The Impact of Sea Ice Cover on Microbial Communities in Antarctic Shelf Sediments

Round 1

Reviewer 1 Report

The presented article is an original research material that is of scientific interest. It is devoted to the study of microbial communities living under various ice conditions in the bottom sediments of the Antarctic Peninsula.

It is devoted to the study of microbial communities living under various ice conditions in the bottom sediments of the Antarctic Peninsula.

the authors conducted a large-scale study, revealed the distribution of microbial communities depending on the redox situation and ice cover, respectively, linking the analysis with the input of organic matter.

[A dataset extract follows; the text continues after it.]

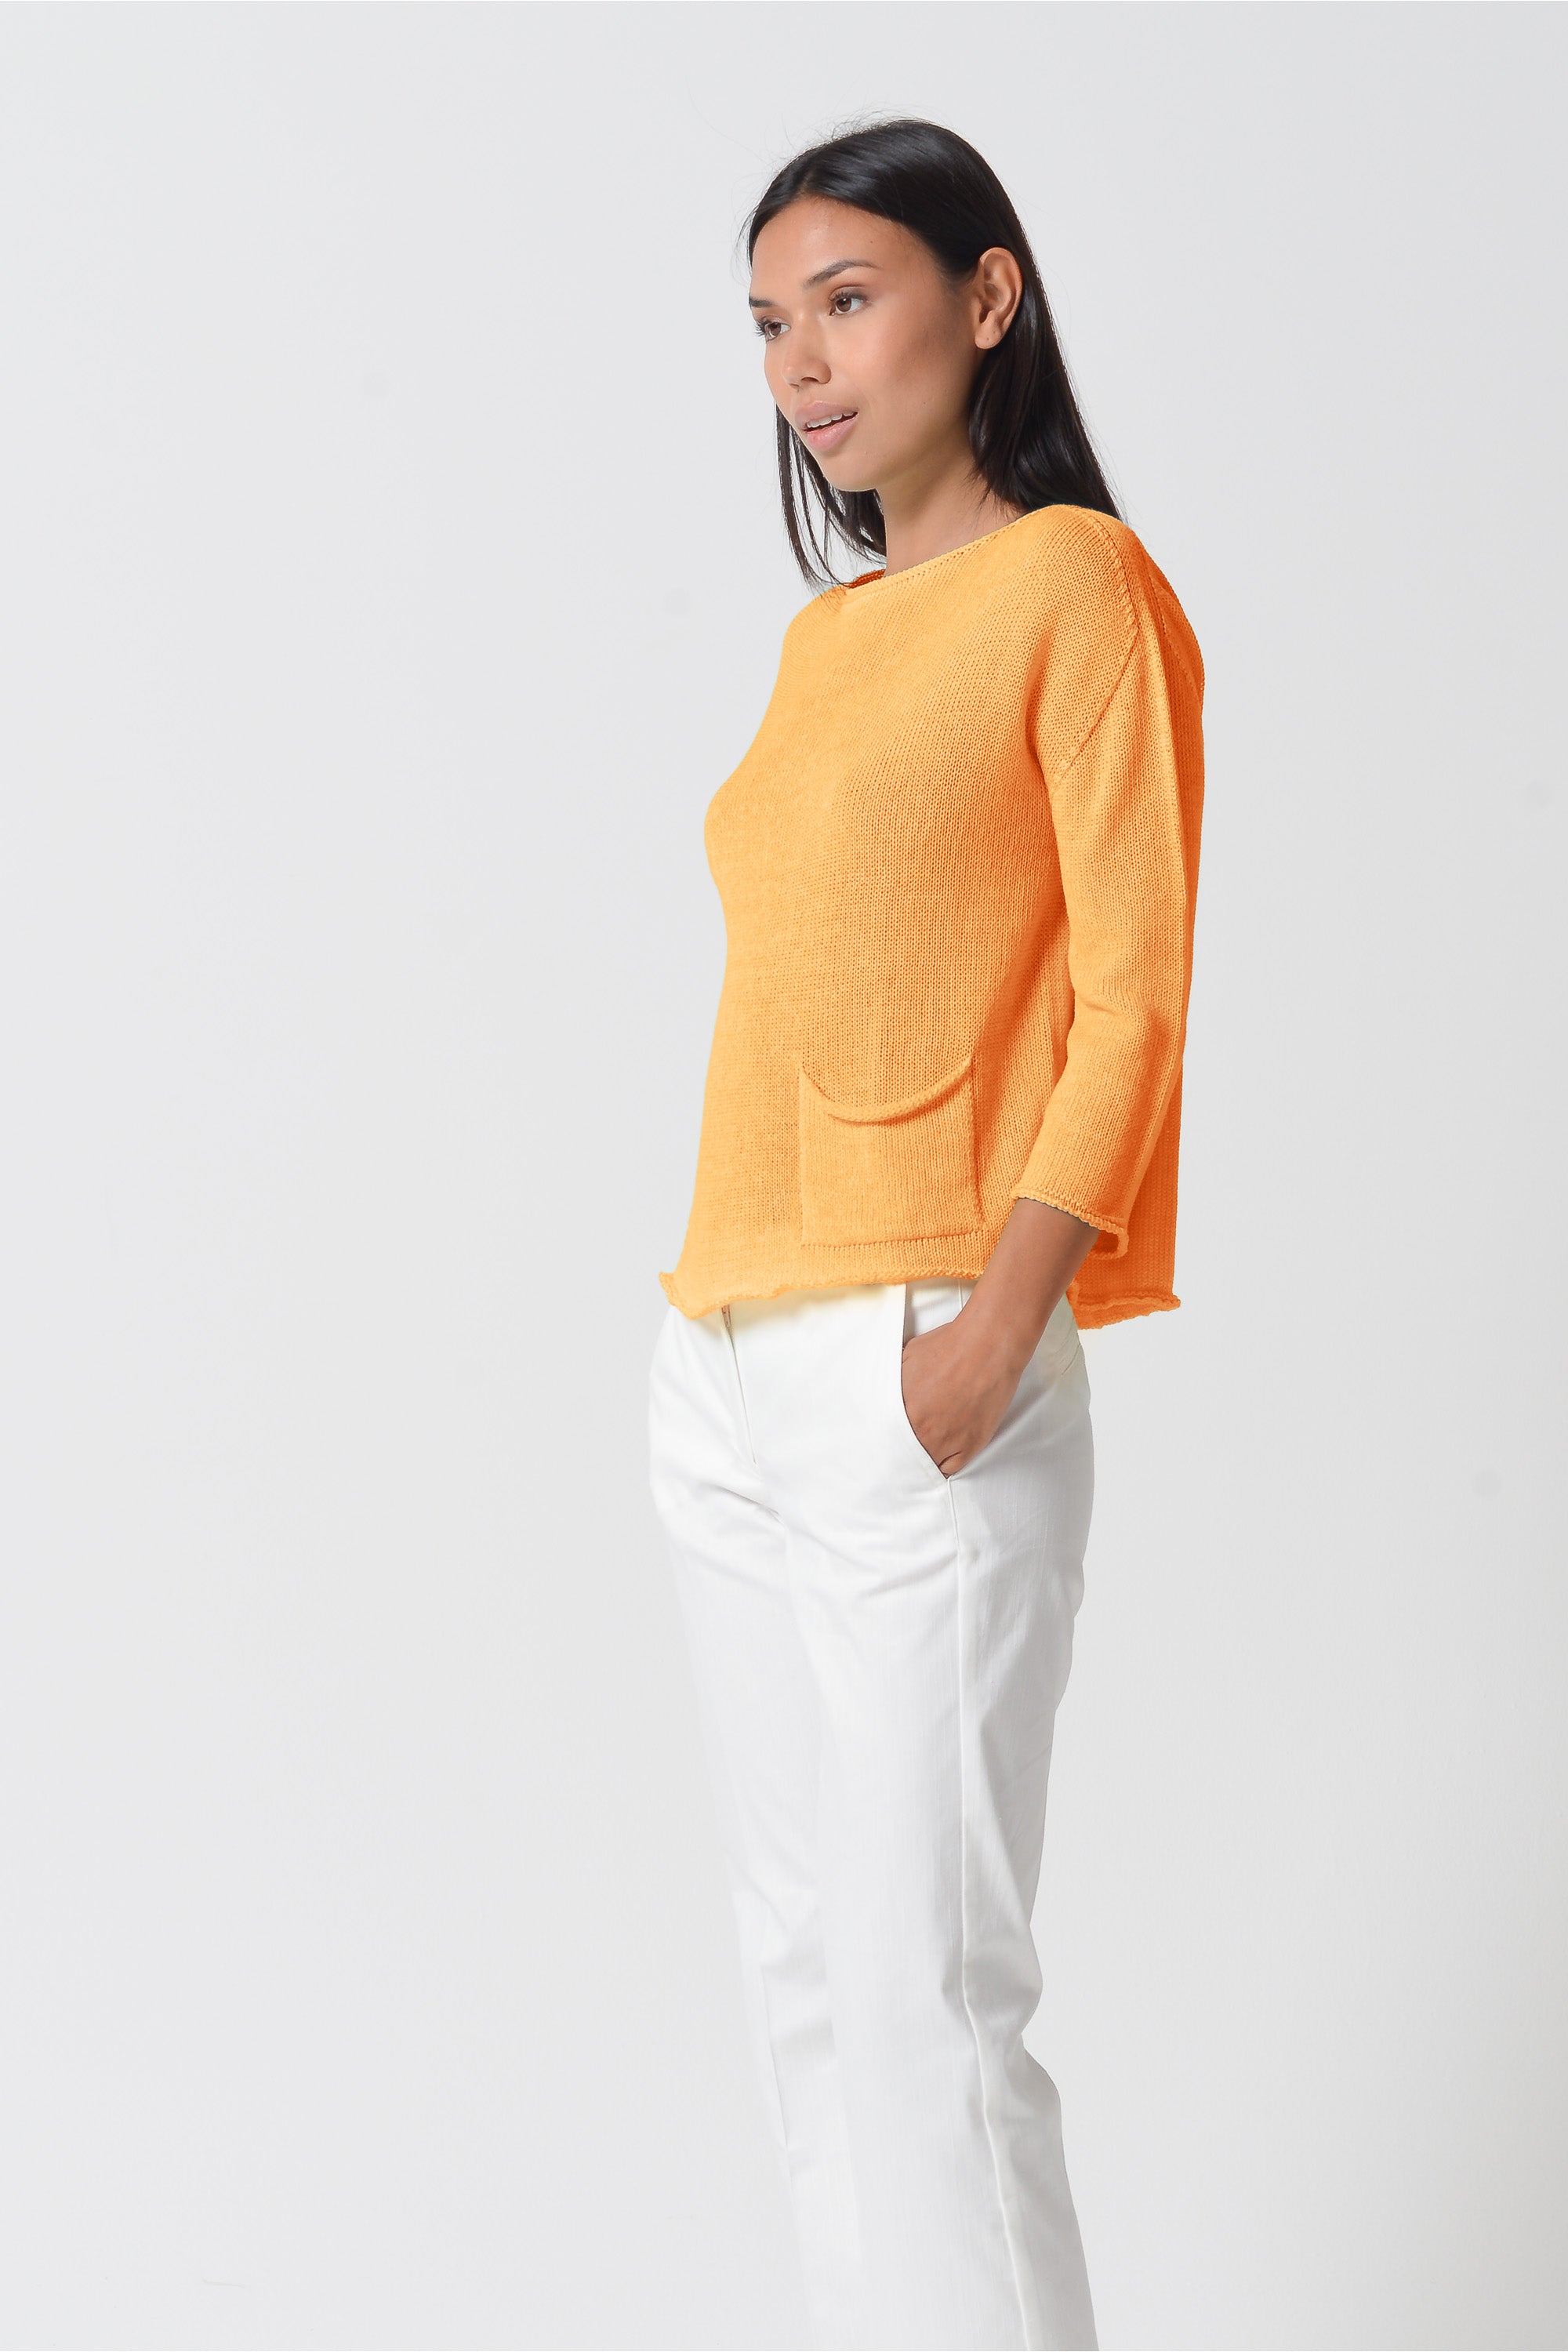 Sofia Knit - Short Sleeve Cotton Sweater - Apricot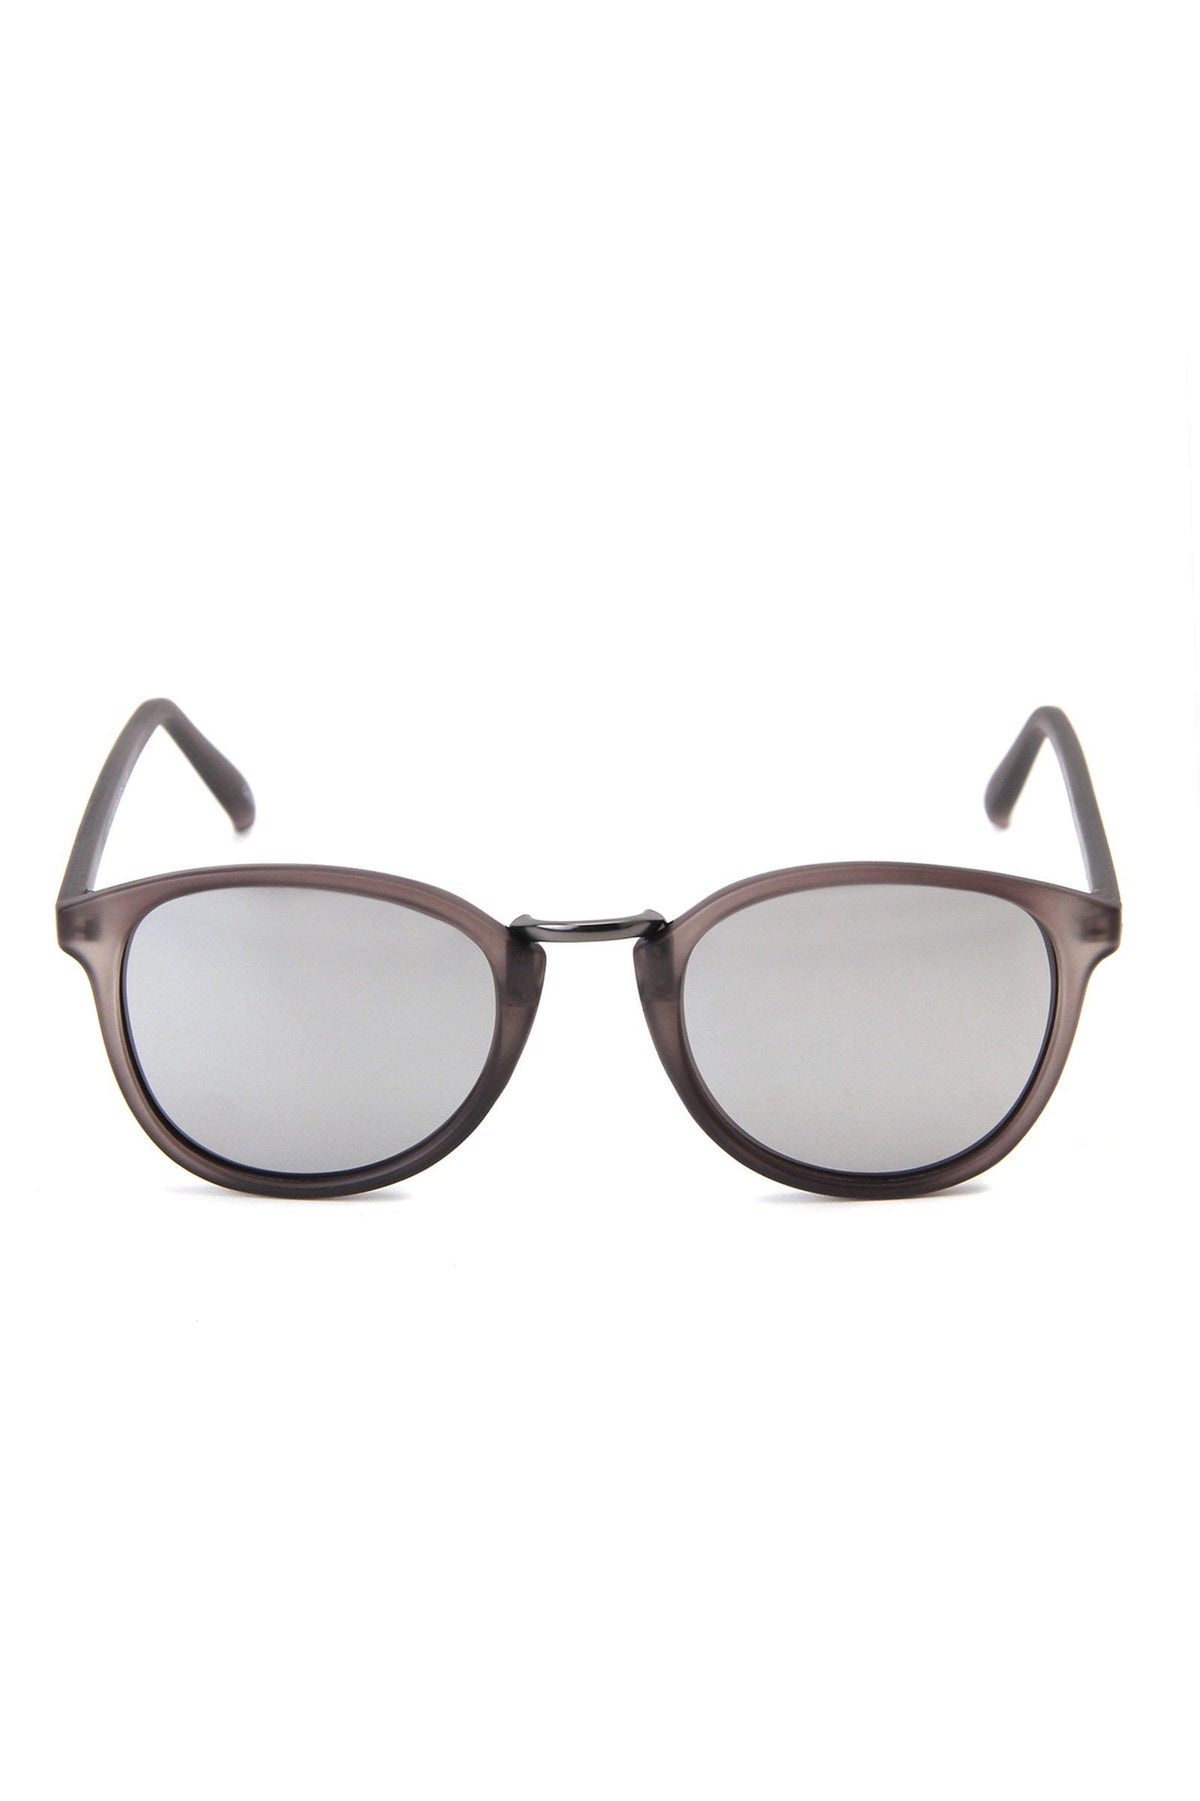 Lucky Brand Indio Wire Bridge Sunglasses - Women's Ladies Accessories Sunglasses Light Grey

The article is of interest, presents new knowledge and scientific data, I believe that the authors presented the material at a fairly high level, and the minor comments that I had should not interfere with the publication. I believe that the article can be published in this submission.

Author Response

Dear Editor,

 

We would like to thank the reviewer for the careful review. We are pleased that the feedback was positive, as the reviewer was satisfied with the motivation and results of our work.

 

Yours sincerely,

Marwa Baloza

Reviewer 2 Report

The article is well written, even though the manuscript is more descriptive than the heart-braking one, I like the results. I would like to see more information on the biota enclosed in the ice but still, the information is very valuable.

I recommend the article for publication.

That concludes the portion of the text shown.